Tom Cunliffe has assessed hundreds of sailors for the RYA Yachtmaster exam. He shares a few skipper's tips with us...
Skipper’s tips
Look abeam
When you’re at the helm picking up a mooring – power or sail, it makes no difference – there’s a natural tendency to become focussed on the foredeck action. Obviously, this needs your full attention, but concentrating on what’s going on up front can lead to problems. Looking ahead, bearings are not changing appreciably, everything is foreshortened and there’s nothing for our senses to get a grip on to judge speed. This means it’s all too easy to lose way before reaching the buoy under sail, or to run past it under power. The former is a shame. The latter can lead to domestic fury if your better half has actually managed to hook the buoy, only to be left hanging on for grim death or letting go and losing the boathook.

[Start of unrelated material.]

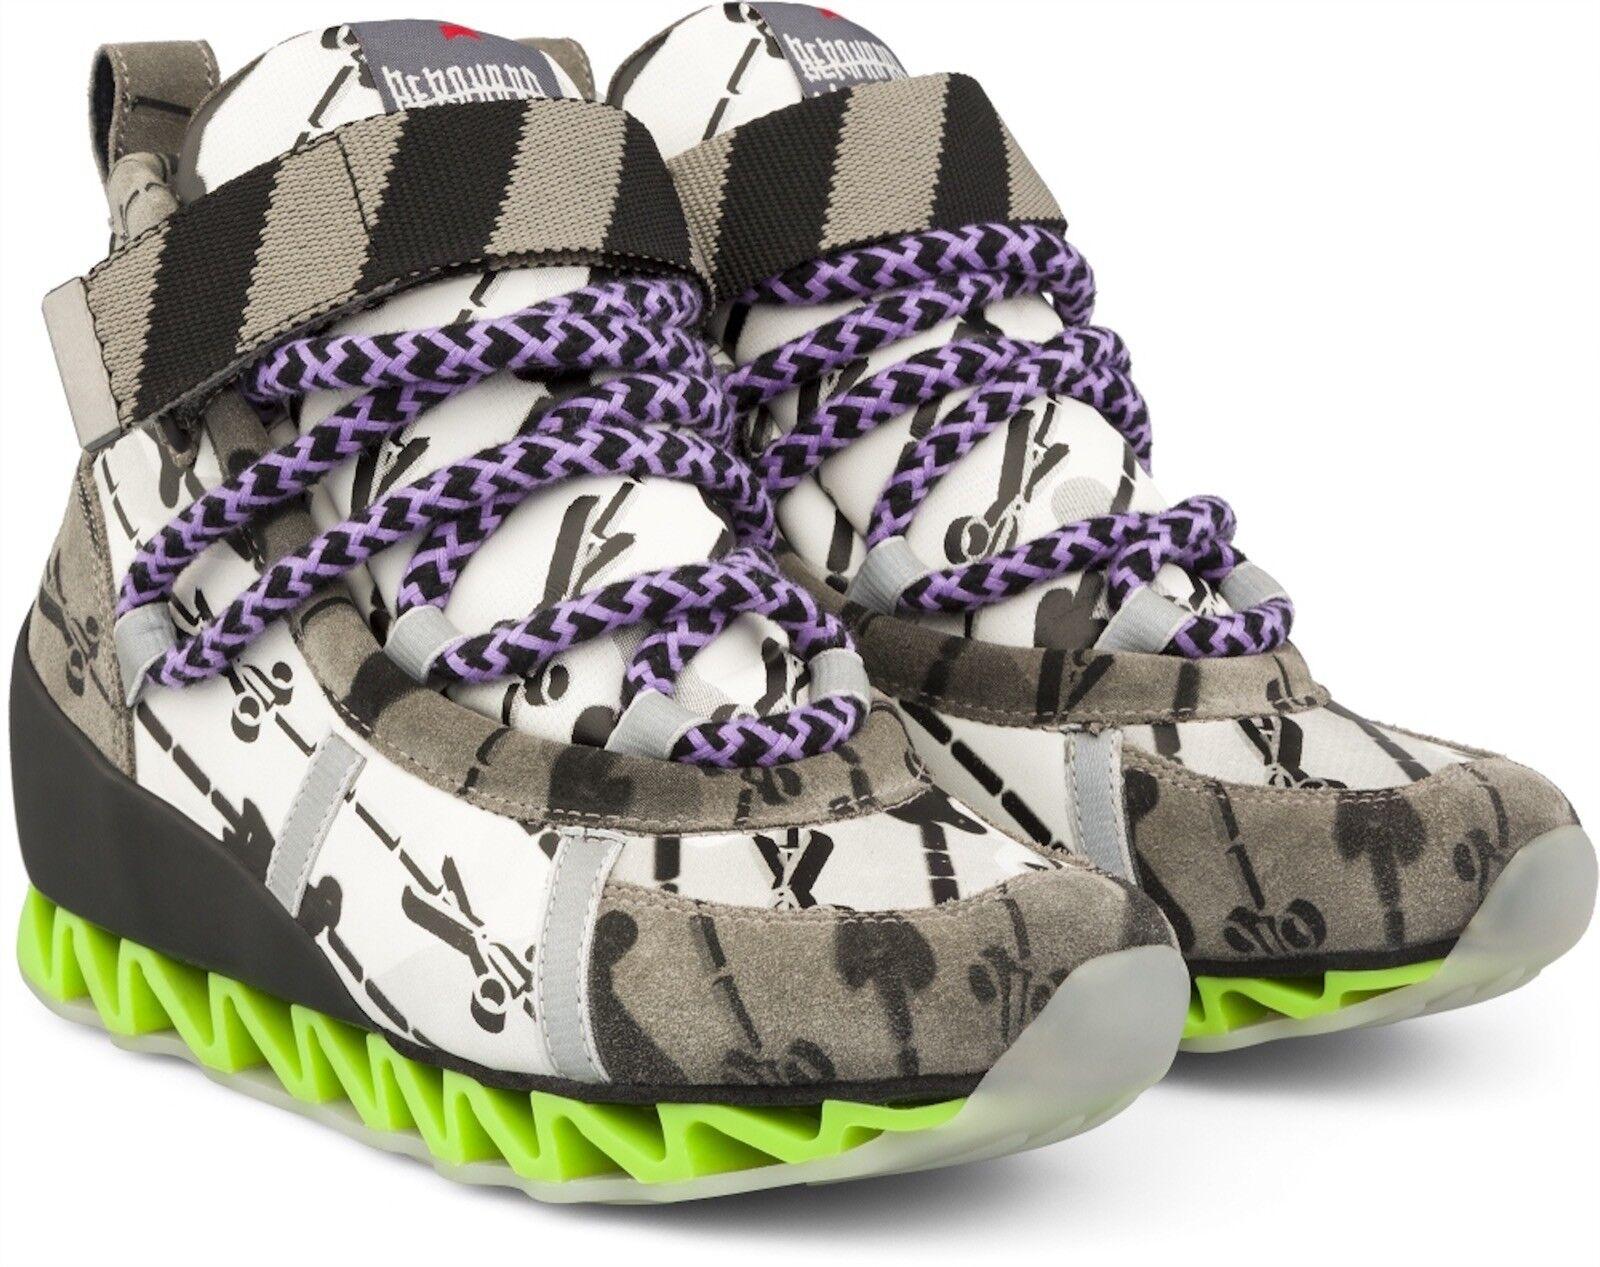 320 Bernhard Willhelm X Camper US 7 EU 37 Together Himalayan Sneakers 46489-015

The answer is to make a point of looking abeam as you come close up to the mooring. The bearings of objects to one side of you are changing most rapidly, your in-built personal computer can process the data and you can’t miss how fast you’re going. Under power, you can judge your speed to a nicety this way, especially if you’re stemming a tide. Under sail, it will show you if you’re losing way too fast.

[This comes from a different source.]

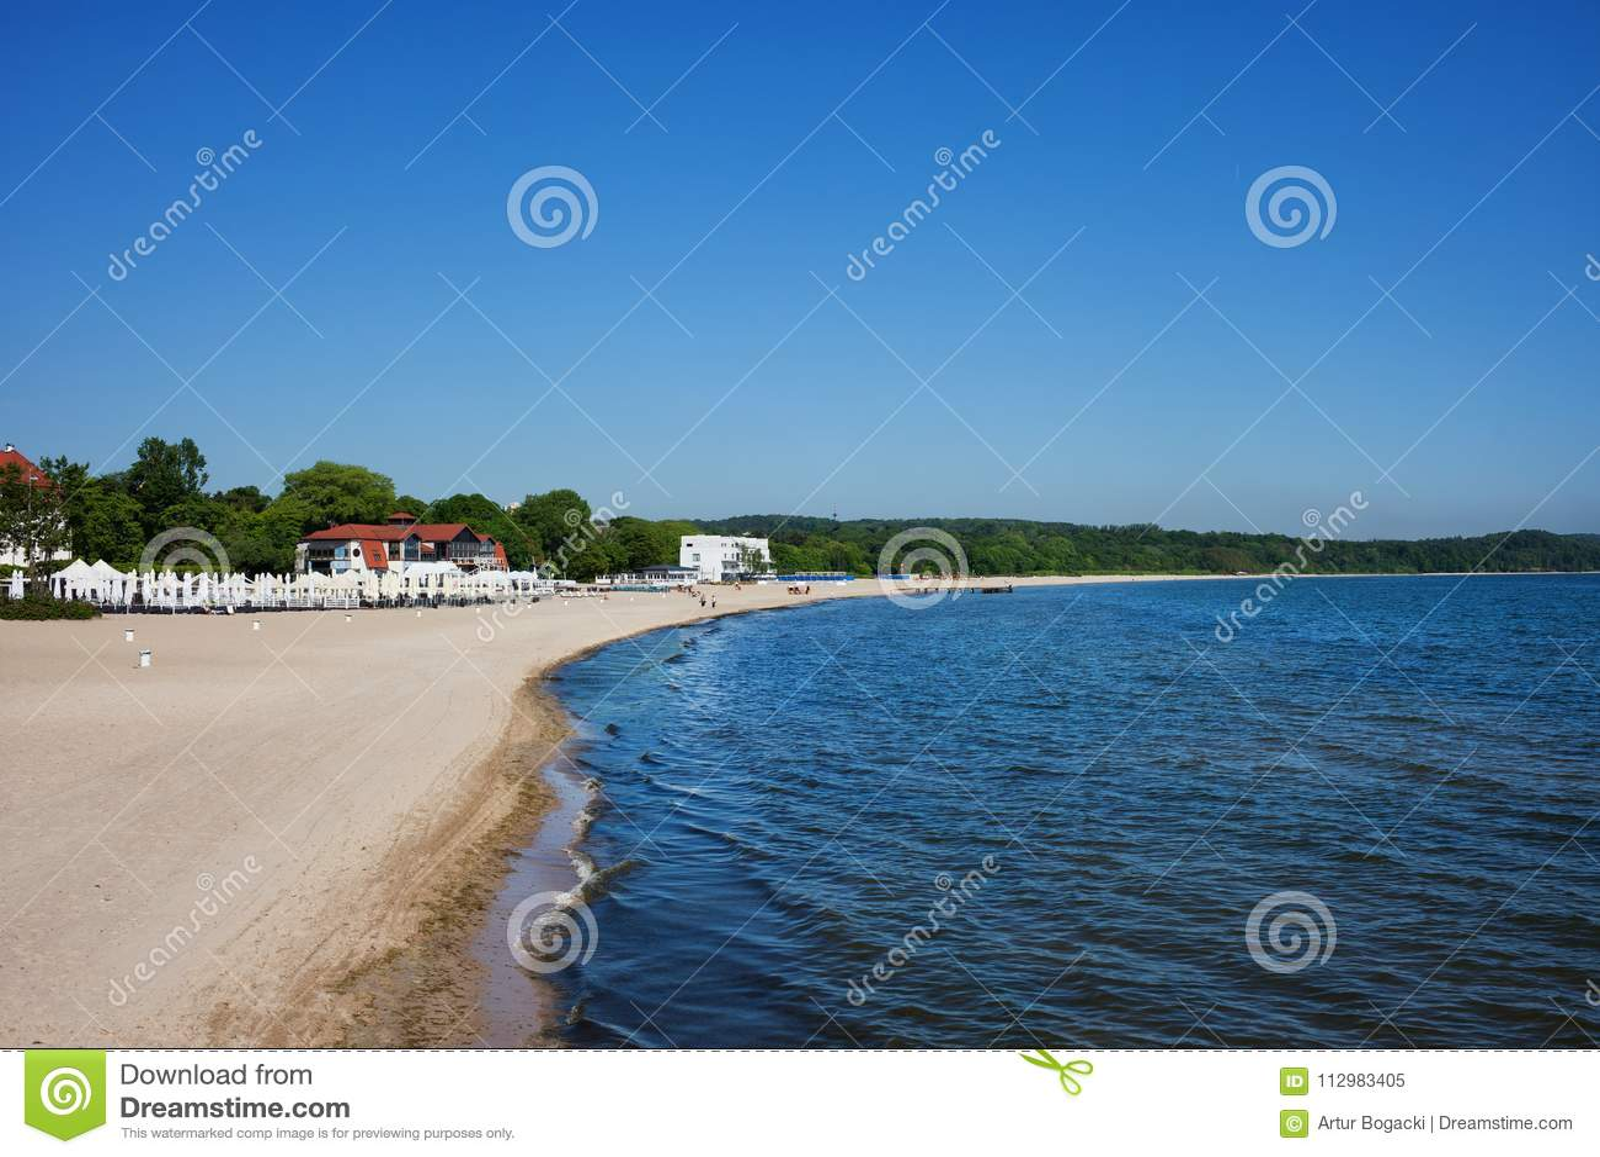 Beach at Baltic Sea in Sopot

This might not sound like advanced boat handling, but I know from running numerous exams that it’s often forgotten. One candidate actually asked a crewman to clear his view of the speed log when he was 10 yards from a mooring so he could judge his way. He missed the buoy, and failed – not for muffing the manoeuvre, but for being no seaman.
Don’t go too close
A picture may not always tell a thousand words, but this one has plenty to say about buoyed channels. In fact, the marker is moored at the edge of a trough scoured out by the tide in a harbour entrance. Its shipmates further to seaward are in flatter country. Cutting very close to a buoy like this at any time other than High Water is often bad advice. Unless you’re a local, you can’t be sure how far it has swung on its tether towards the shallows. Better safe than sorry. Give channel markers as wide a berth as traffic allows, especially on a falling tide.
Forget the polish
A proper vintage sextant is a beautiful thing. It’s tempting to reach for the Brasso once a month and give it a good old shine. But such enthusiasm extended over the years slowly rubs out the graduations of the scale, rendering the instrument useless. However much you’re itching to give her a shine, resist it. You can give the telescope a buff-up now and again, though. Mine’s a disgrace at the moment and I’m searching for a can of the right stuff. Sadly, the times when you could buy it on the high street are long gone.